Phillip Hudson: A Twist in a Historic Election
Federal Election 2025: Big twist that will make this an historic election
The Daily Telegraph | February 17, 2025
A trio of big events in Anthony Albanese’s life are set to coincide in the first week of March.
The Prime Minister will celebrate his 62nd birthday and the 29th anniversary of his election to Parliament (both on March 2).
A few days later he will overtake Kevin Rudd’s length of service as prime minister: two years and 286 days.
As he contemplates one of the biggest decisions of his life — when to call the election — the prize Albanese is hunting for (which Rudd never achieved) is to be only the third person in 40 years to be elected prime minister twice, joining the company of political legends Bob Hawke and John Howard.
It’s no easy task. The six other prime ministers in those four decades, some with magnificent egos, managed only one election win each.
Whatever the result, this year’s federal election will be history-making.

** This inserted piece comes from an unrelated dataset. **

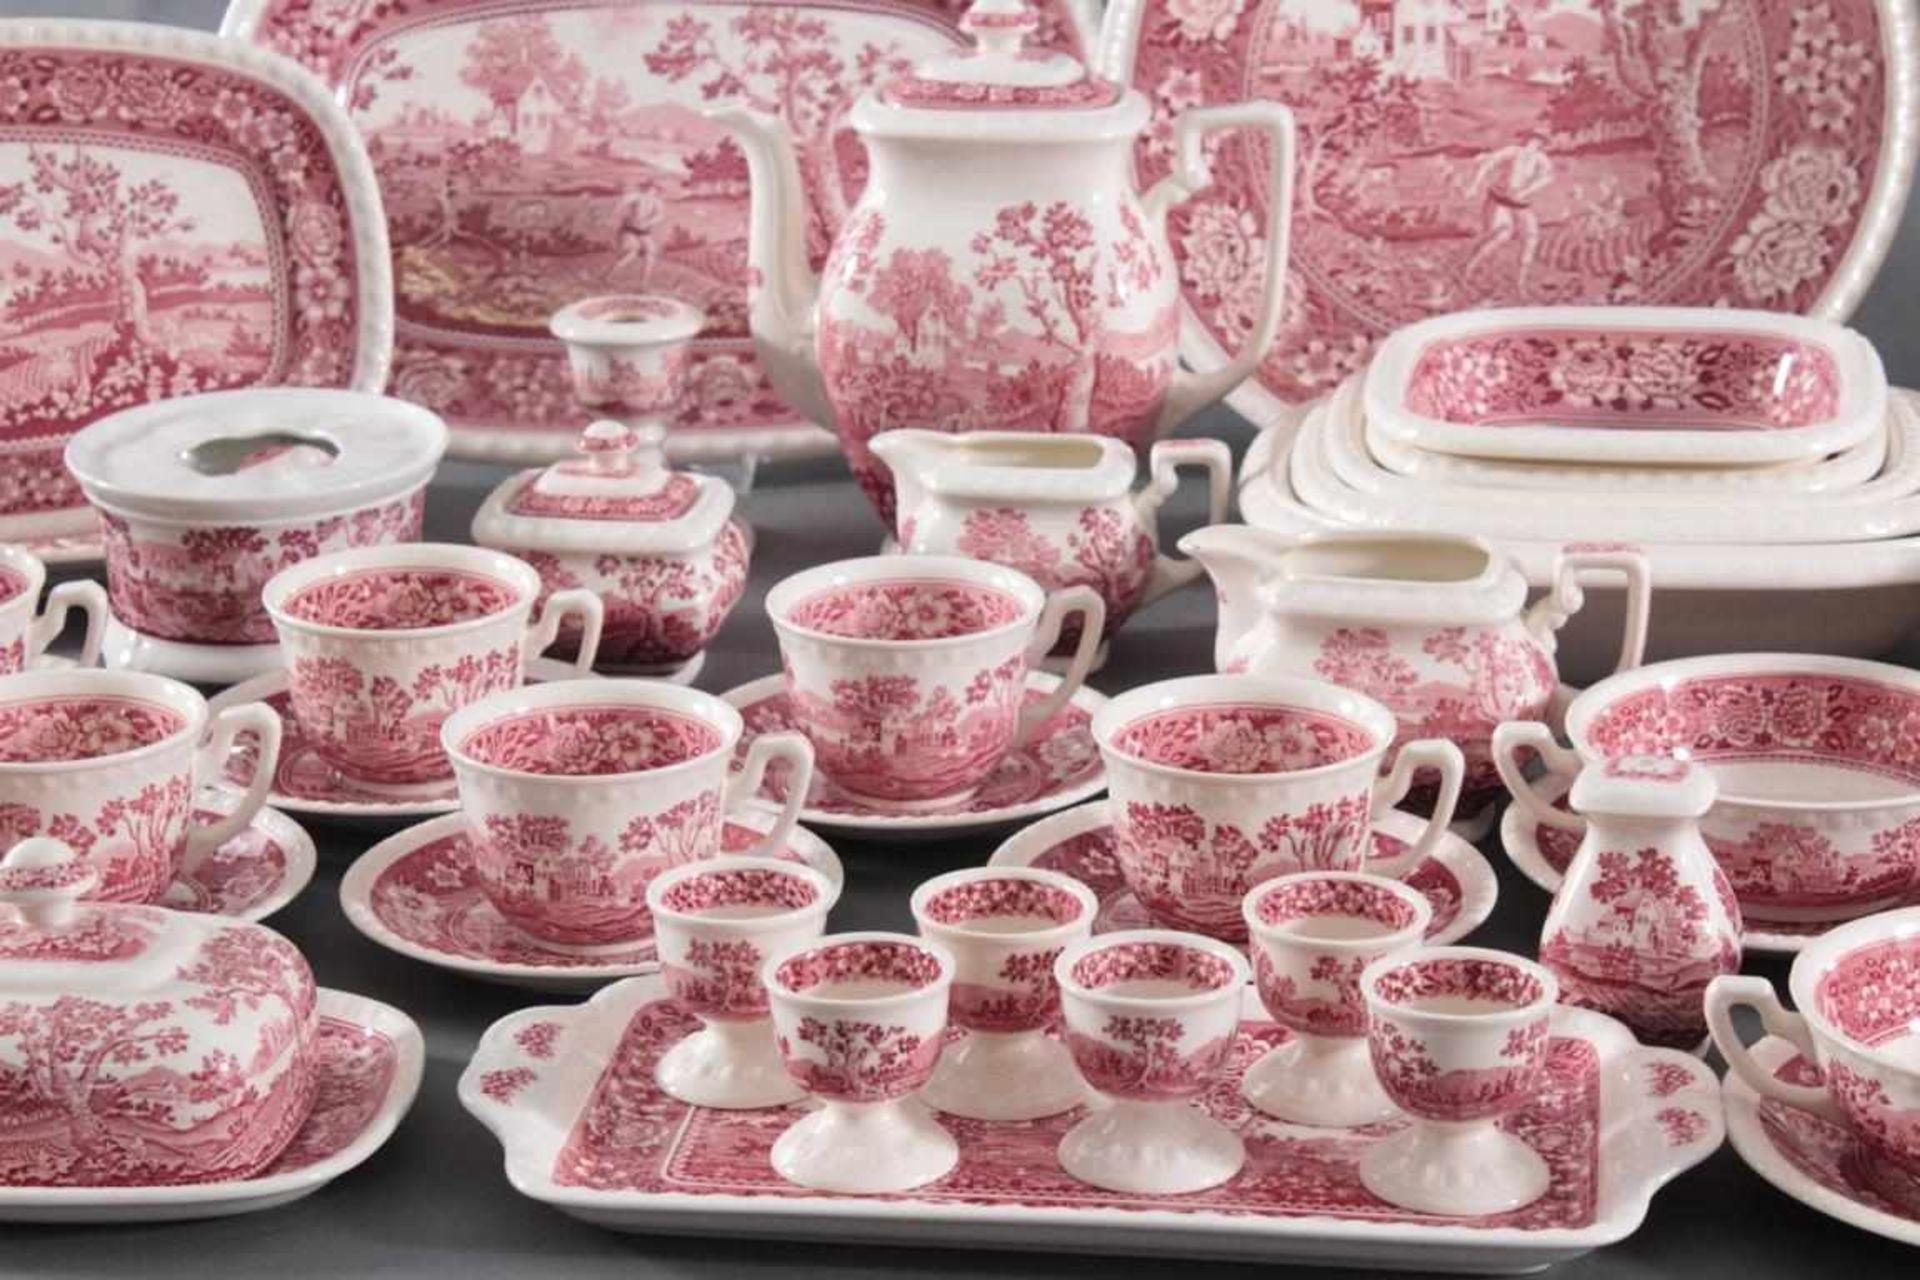 Villeroy & Boch Kaffee-/Speiseservice, Dekor Rusticana rot107 Teile. 1 Kaffeekanne, 13 Tassen, 12 - Bild 2 aus 4

Peter Dutton has already made unwanted history as the first opposition leader in a century to lose a seat to a government at a by-election. Yet two years on Dutton is now favoured by voters to break a rule that has lasted more than 100 years that no person who has taken the opposition leader’s job immediately after their party has lost power has won the following election.

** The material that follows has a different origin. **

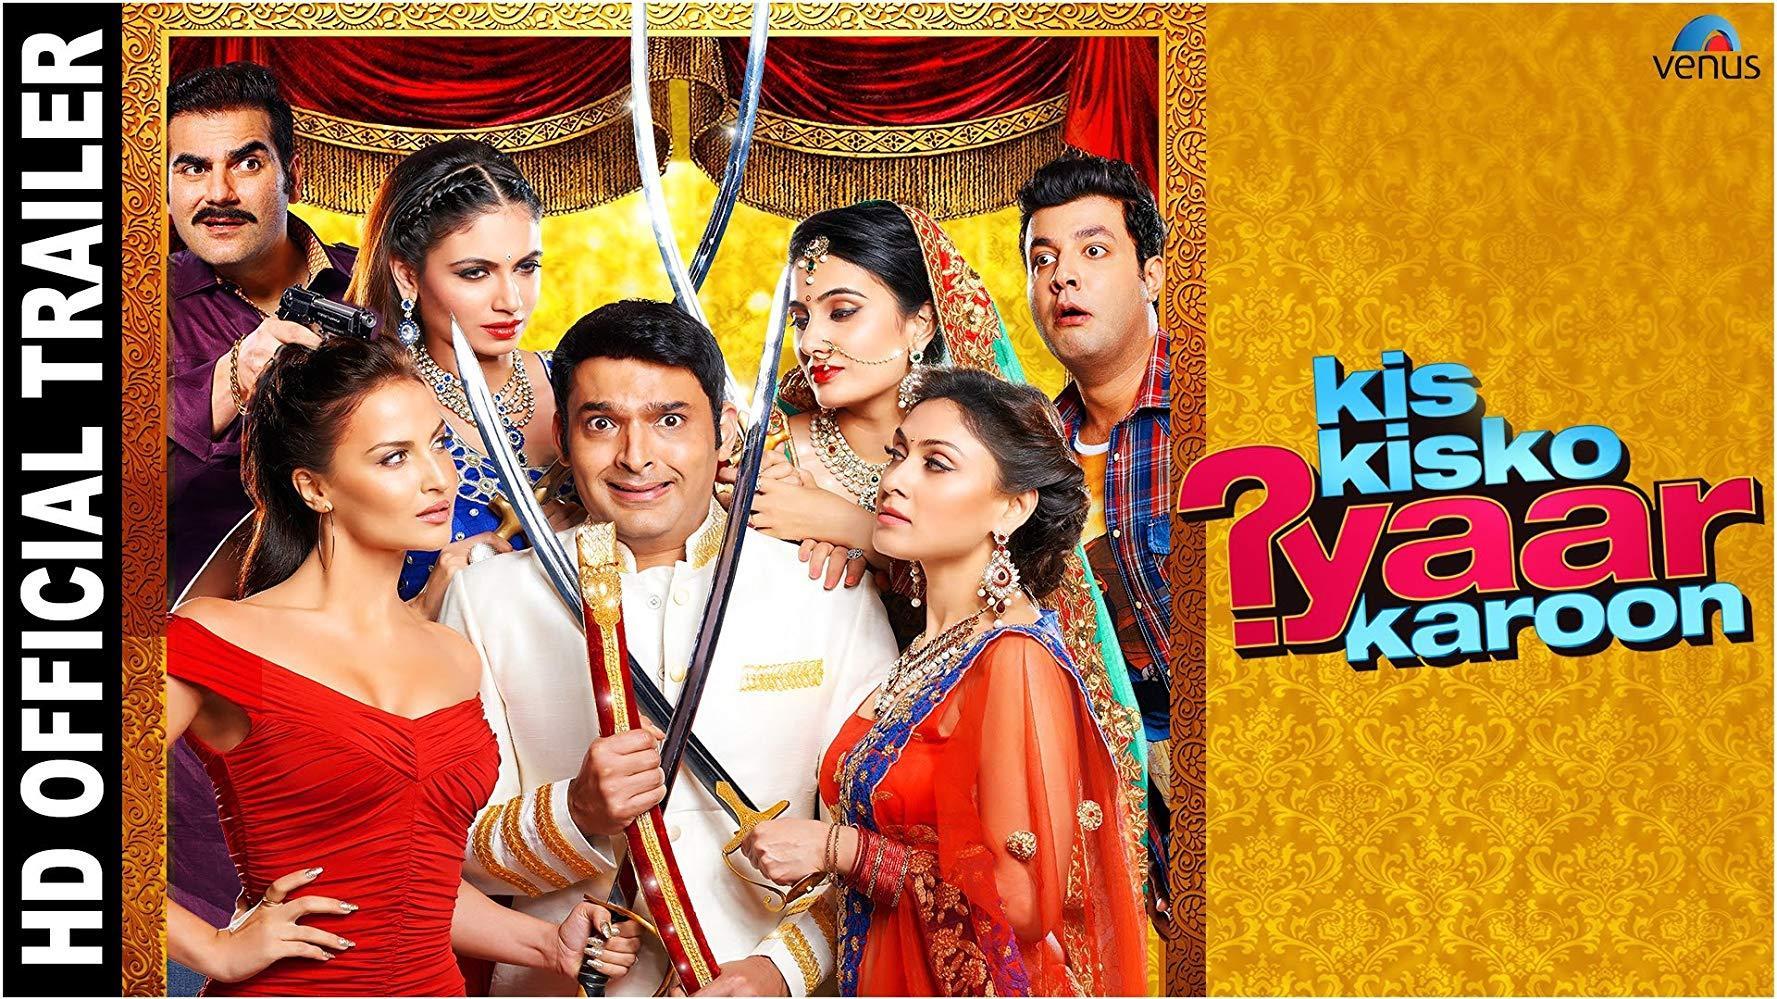 مشاهدة فيلم Kis Kisko Pyaar Karu 2015 HD مترجم كامل اون لاين

And could a twist be that Dutton achieves that victory thanks to winning seats in Victoria, the very state that delivered the embarrassing by-election loss of Aston.
A Dutton win, whether minority or majority, would also mean Albanese would take another record — certainly one he would not want — that has stood for 94 years.
No party has been thrown out of government after one term since James Scullin had the terrible luck to lead Labor to power on the eve of the Great Depression and was replaced by voters two years later in 1931 by a minority government. Could history repeat?
Unlike those before him who led their party from opposition to government, Albanese does not enjoy a strong parliamentary majority to give him a buffer.
John Howard’s margin was 40 seats when he won in 1996 and he lost half that in the subsequent GST election.
When Kevin 07 stormed to power his parliamentary margin was 16 seats and at the next election Julia Gillard barely hung on as a minority government.
And Tony Abbott’s 30-seat buffer in 2013 was almost eclipsed by Bill Shorten in a nailbiter against Malcolm Turnbull three years later.
But Albanese starts with a wafer-thin three seat majority and every major poll suggests if an election were held now, he would lose that majority.
Whoever holds the keys to the Lodge after the votes are counted and deals done will be making history one way or the other. As a majority or a minority.
If it’s Albanese and he can hang on long enough to celebrate five years as PM in 2027, he will become the eighth longest serving PM since Federation — overtaking all recent PMs as well as Labor icons Paul Keating, Gough Whitlam, Ben Chifley, John Curtin and three-time holder of the office Andrew Fisher.
If it’s Dutton, he will become the first PM born in the 1970s.